Movement, a heavy immediacy in the songwriting, has been wheelhouse for Heavy Temple since their 2014 self-titled EP (review here) and has carried them through multiple lineup changes, but with Garden of Heathens, they are sharper and more focused than they’ve yet been on record. While the strut is still there in “Hiraeth” and the not-actually-slow-but-still-a-nod “House of Warship,” some of the funk that rested beneath the fuzzy surface of their earlier work has been traded out in favor of more direct intensity. Given the unenviable positioning between “Divine Indiscretion” and “Snake Oil (And Other Remedies),” “House of Warship” announces itself with a standalone harmonized vocal sweep joined shortly by creeper guitar, and gets bombastic as Lycan‘s drums give pulse to the dug-in riff, while Nighthawk gets theatrical in the multi-layered hook and pushes to higher notes in the song’s consuming midsection. Ready to noiseblast at a moment’s notice, they make “House of Warship” a highlight, touching on doom and toying with goth and metal in ways that make the careful balances in their approach sound as organic as they likely are. To me, it most sounds like Heavy Temple stepping forward creatively and bending genre to their increasingly individualized purposes.

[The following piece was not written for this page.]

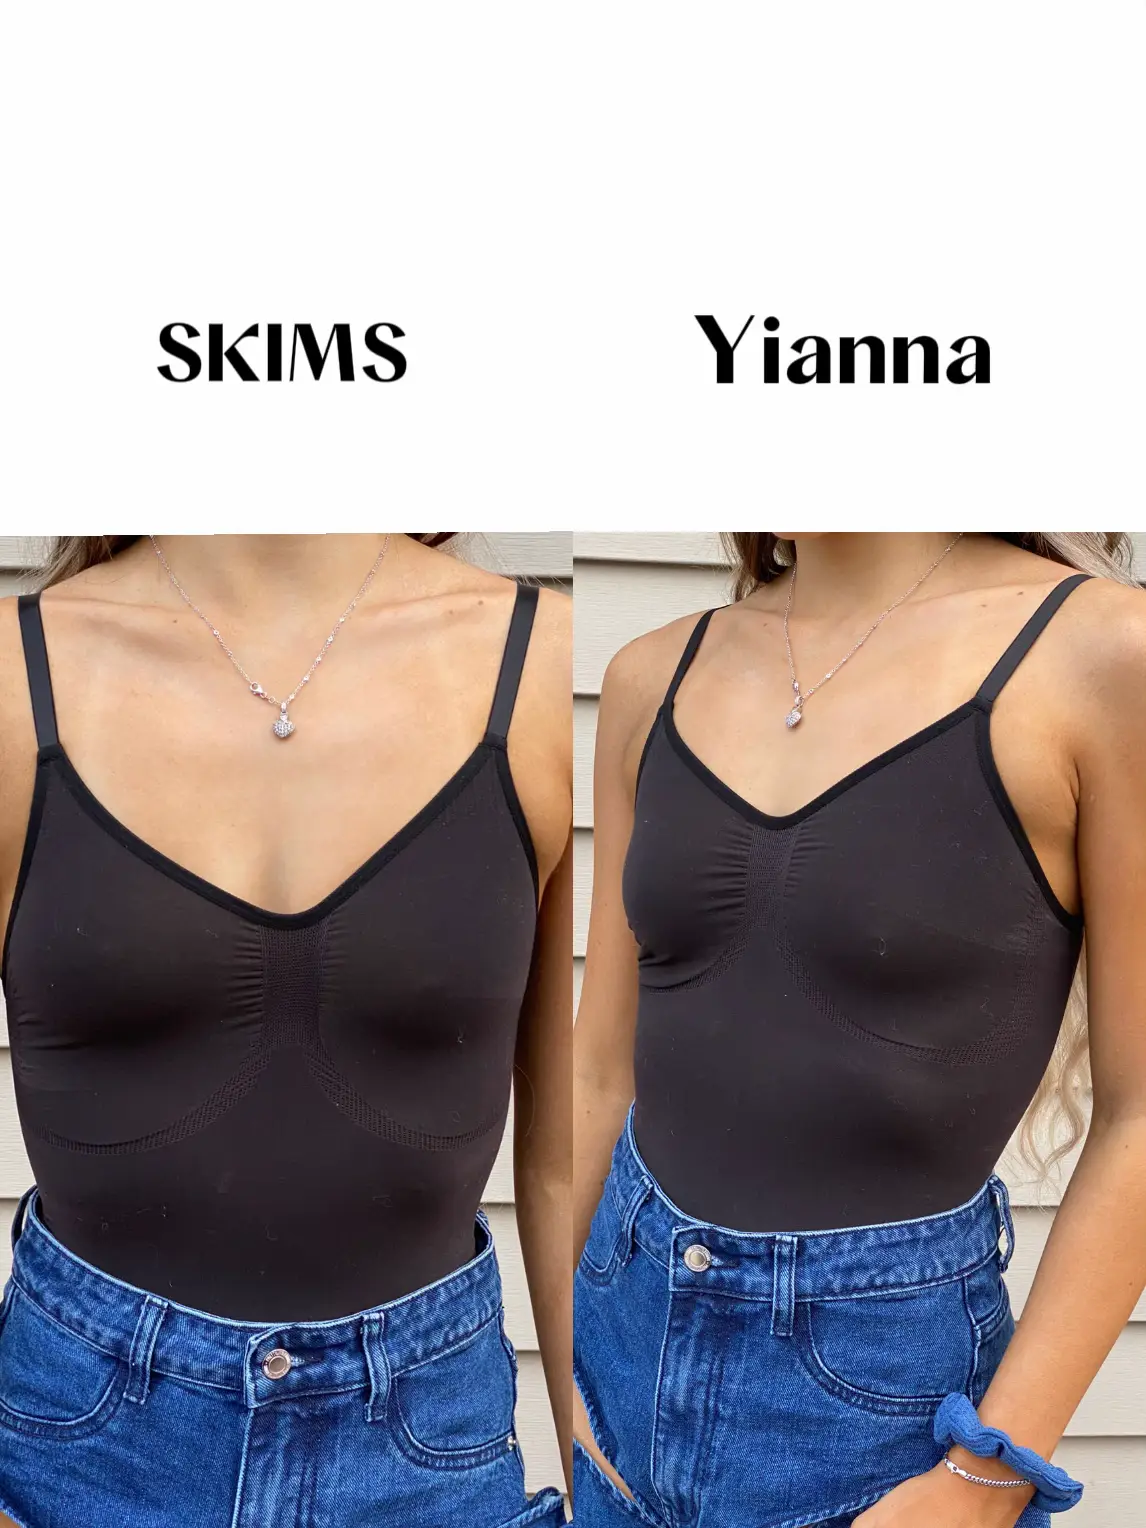 YIANNA Sculpting Bodysuit for Women Tummy Control Seamless

Because it’s loud regardless of actual volume, because it varies tempos, departs and returns, shoves, swings, bobs and weaves, and ultimately because it has so much energy behind its delivery, Garden of Heathens reveals more of its complexities on repeat listens, whether that’s the okay-here-we-go transition into the shredding finish of “Extreme Indifference to Life” or the High on Fire-informed push in “Jesus Wept.” The finer details are worth it, to put it mildly, as is the raw force with which the tracks land, each contributing something of its own to the broadened scope of the entirety. That they choose to end with “Psychomanteum,” the fastest and most brazen attack, teasing a slowdown but finishing with a suitable defiance of expectation both in style and lack of vocals, sends the message (expedited) that Heavy Temple aren’t done. It may or may not hint at future dives into thrash and other more aggressive styles to be melded with their weighted tones, but at a certain point it’s moot to speculate since, aside from whatever progression or whims may manifest, their next release will invariably present some shift in dynamic as a result of the personnel change.
That too is part of the story of Heavy Temple and Garden of Heathens, but the bloodlust in these songs isn’t out of the blue, and one can only hope remains as much a piece of who they will become as it is of who they are today. Few and far between on this wretched earth are bands who can inhabit both the wrecking ball and the afterparty dancing atop the rubble. Now mosh, ye pagans.